───── Material to process
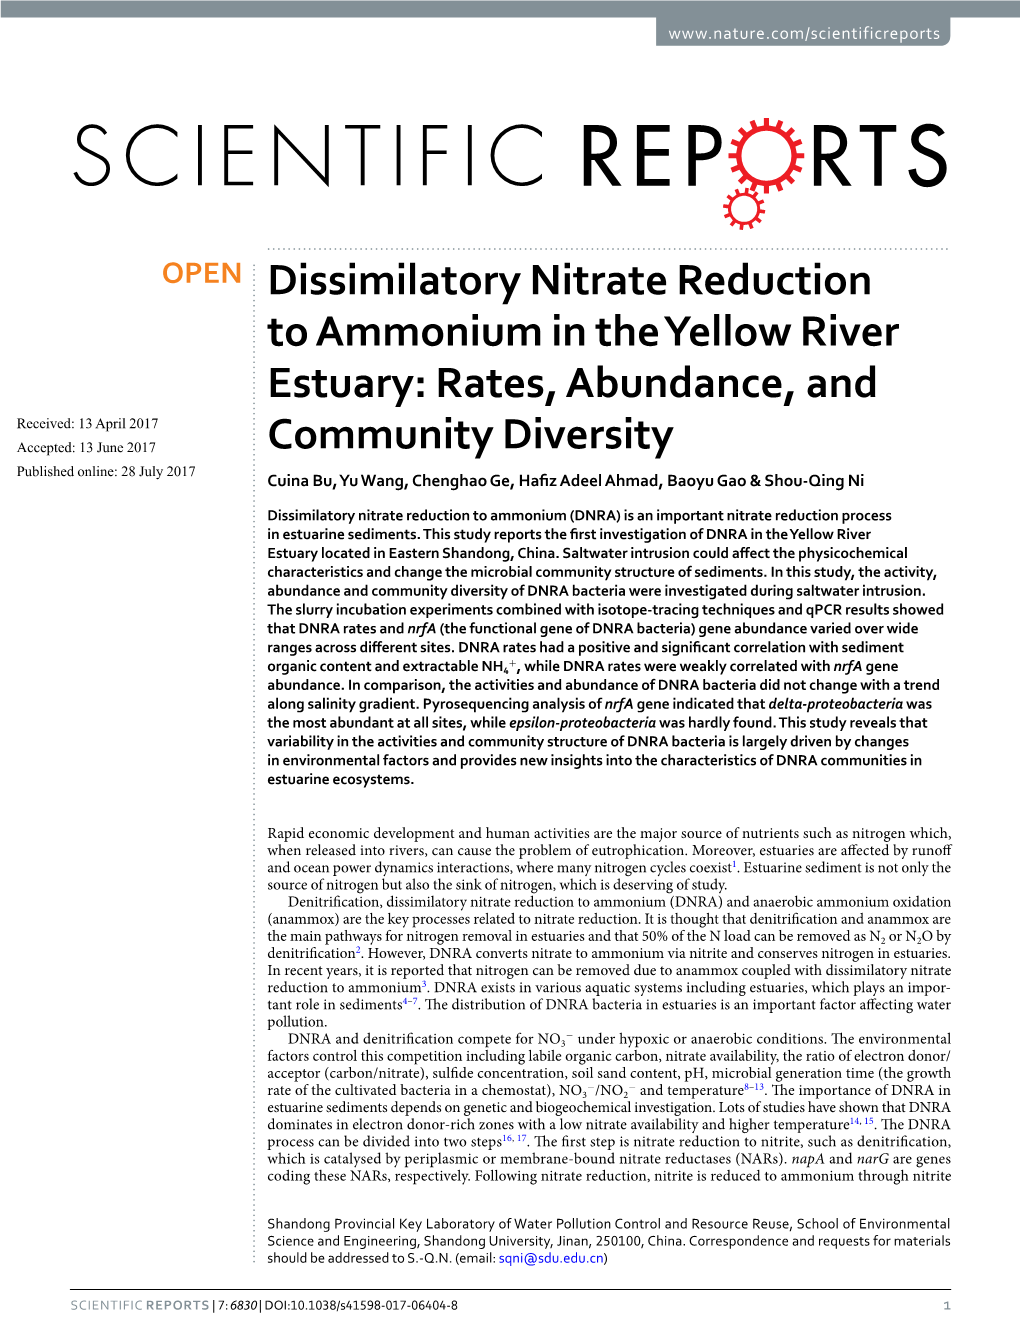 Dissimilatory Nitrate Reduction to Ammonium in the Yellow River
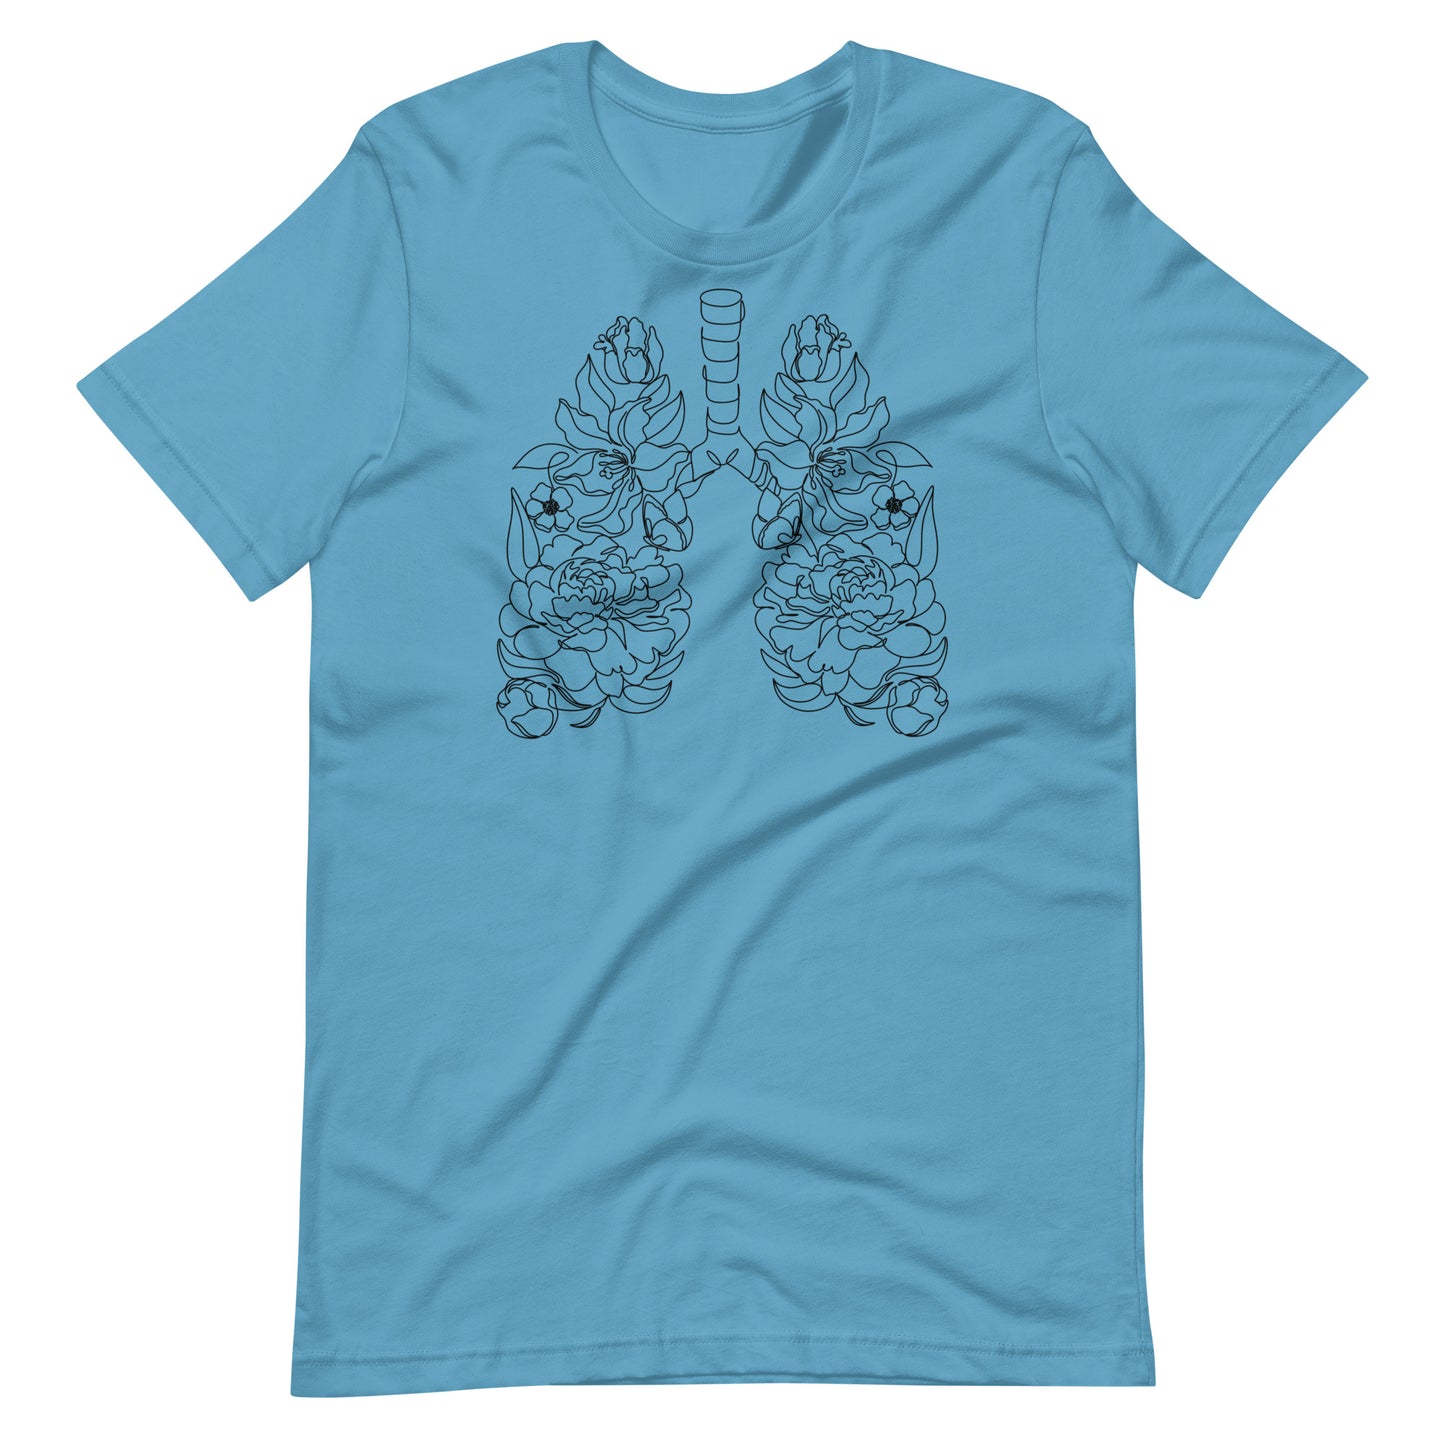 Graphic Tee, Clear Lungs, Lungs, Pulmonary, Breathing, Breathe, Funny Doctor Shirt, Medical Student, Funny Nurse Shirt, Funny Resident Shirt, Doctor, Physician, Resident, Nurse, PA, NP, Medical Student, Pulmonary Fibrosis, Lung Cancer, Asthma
──────────
───── Material to process
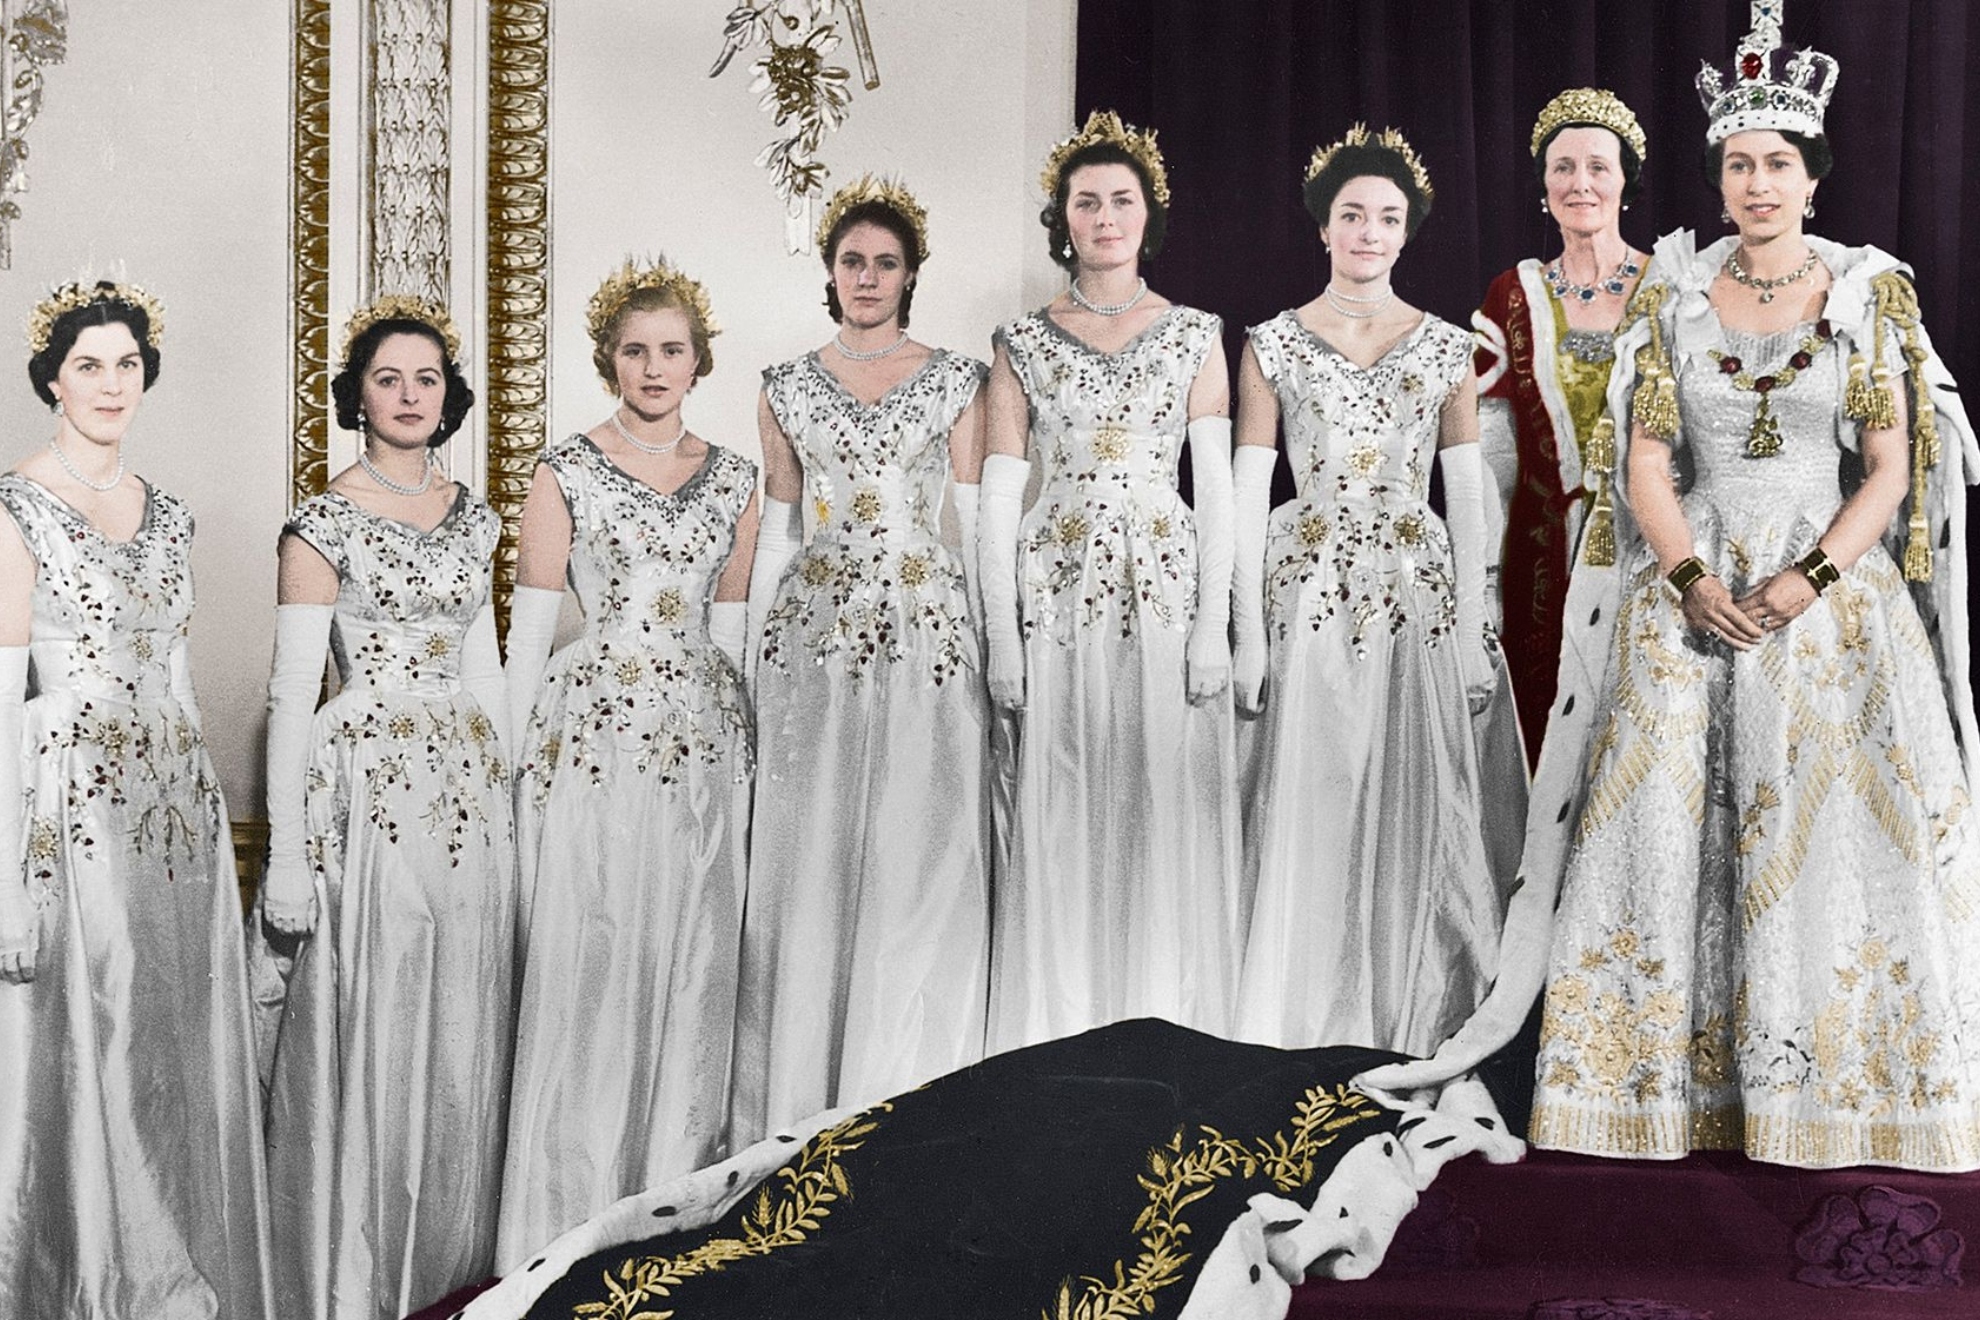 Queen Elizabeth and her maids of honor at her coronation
──────────
§ **About this exercise**
Your reply should hold nothing but the lines above, from the one containing "Dissimilatory Nitrate Reduction" to the one containing "Graphic Tee, Clear", reproduced exactly minus the pictures.

§ **Task output**
 Dissimilatory Nitrate Reduction to Ammonium in the Yellow River
 Graphic Tee, Clear Lungs, Lungs, Pulmonary, Breathing, Breathe, Funny Doctor Shirt, Medical Student, Funny Nurse Shirt, Funny Resident Shirt, Doctor, Physician, Resident, Nurse, PA, NP, Medical Student, Pulmonary Fibrosis, Lung Cancer, Asthma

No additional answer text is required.